Some of the major male leads are war heroes, men from what Tom Brokaw called “The Greatest Generation,” and maybe they were, as long as they stayed on Iwo Jima. Once they got home, their heroism got lost, say the writers, at least on Madison Avenue. “Mad Men” (note the title) is a very dark show, and each week while the credits role, someone in a white shirt and tie leaps to his animated death from the office window. Who? “Mad Men” is soapy enough to hold on to that hook. Viewers love to speculate.
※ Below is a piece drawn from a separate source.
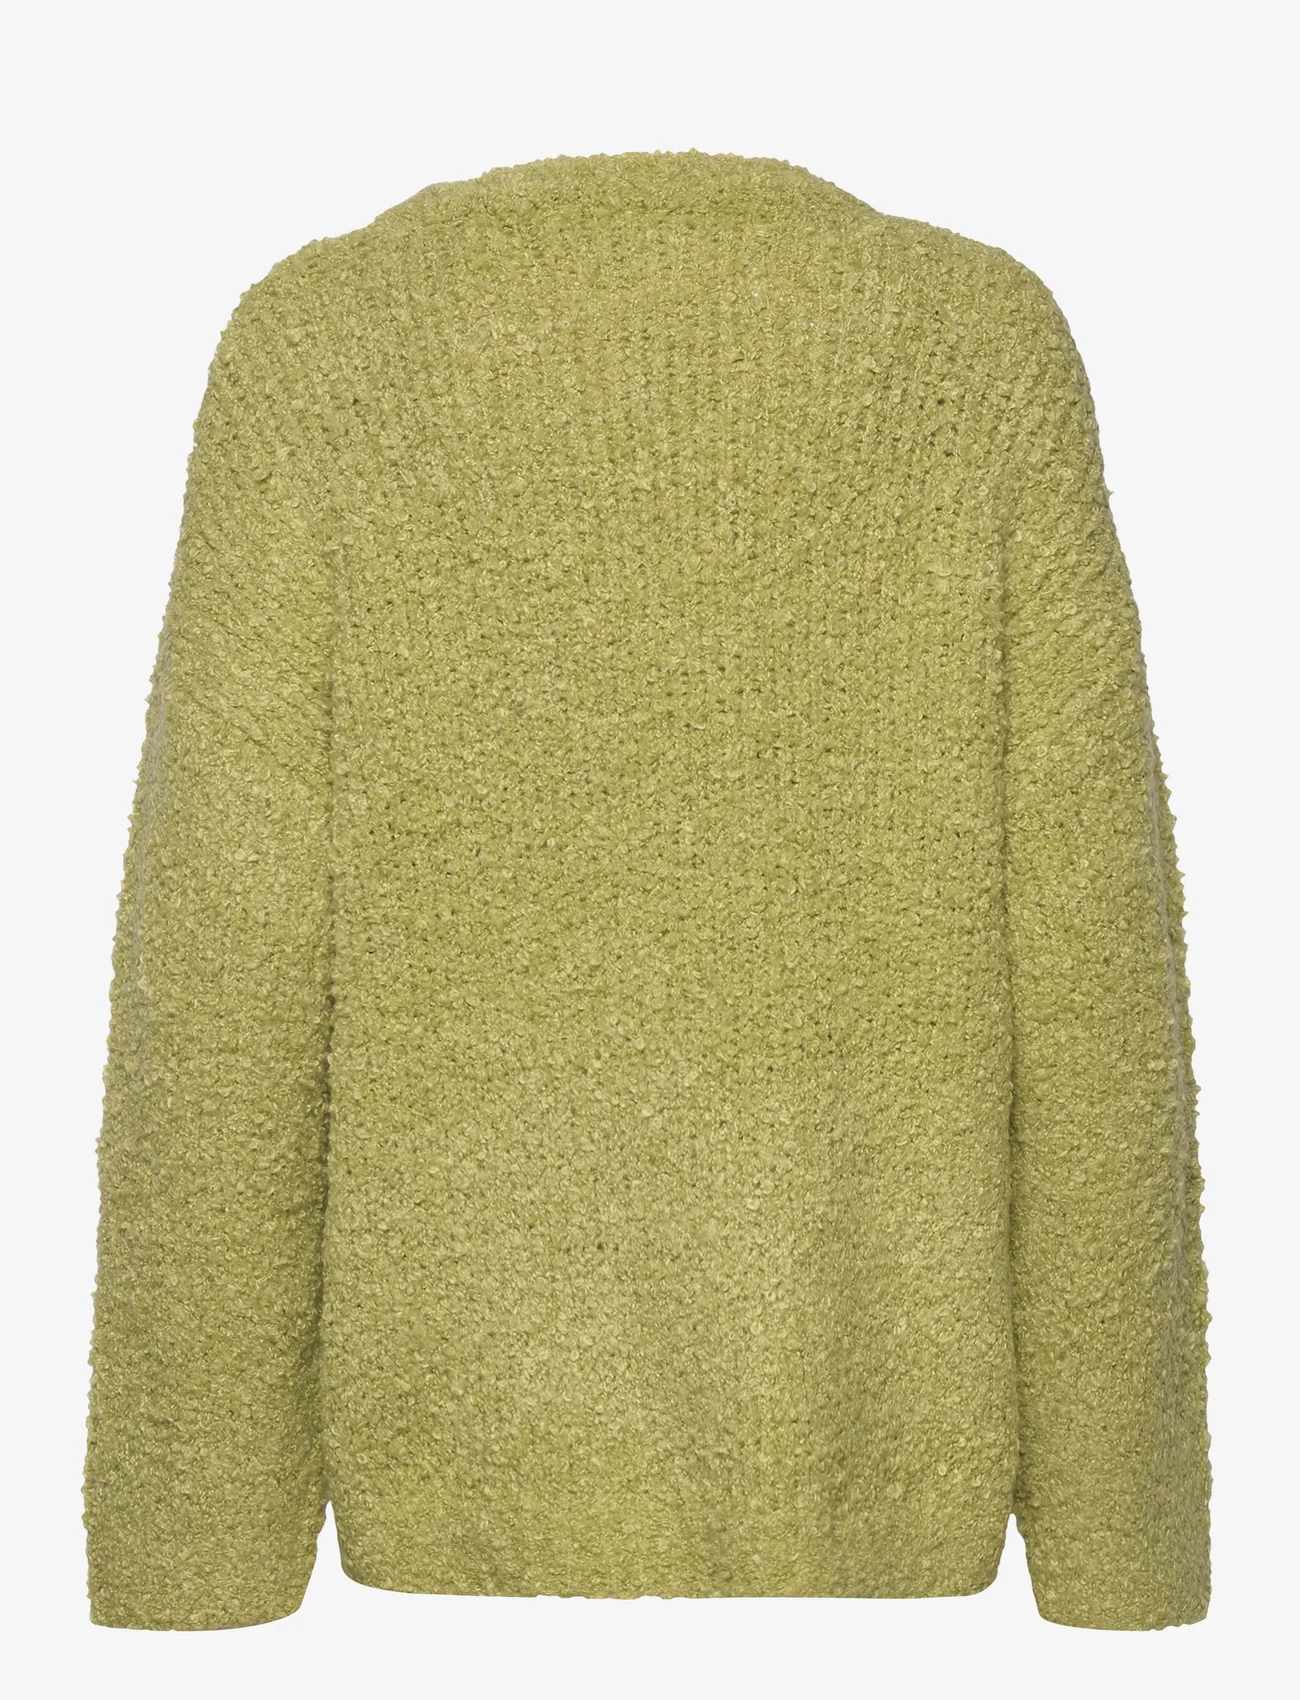 Résumé - PeachRS Knit Blouse - pullover - poison green - 1

“Mad Men” is gritty. Its characters are, to a person, as vain and hedonistic as can be imagined. Adultery comes with the territory at Vanity Fair. People lie and cheat. If there were Christians on Madison Avenue during the early 1960s, we don’t see much of them on “Mad Men.” Draper and his colleagues work intensely, drink like fish, party like vandals, and earn lots and lots of dough. Sin abounds. Watch “Mad Men” at your own risk.

What keeps so many viewers tuned in is the fact that the audience only rarely guesses what will happen next. In season five, Don Draper, who has divorced his wife, marries a secretary who seems a trophy wife. Oddly enough, she seems to have done what no other female could—convince him to put away his Solomon-like, childish ways. Will he? We honestly don’t know. What makes the series so alive is the very real possibility that he will. It’s almost impossible to imagine that kind of transition might occur in television or film these days, but on “Mad Men,” a show that wants to refuse formulas, the audience knows that anything, honestly, can happen—just as it frequently can in real life.

And that’s what makes “Mad Men” ferociously good storytelling.

Is it good for the soul? Not everyone’s—that’s for sure.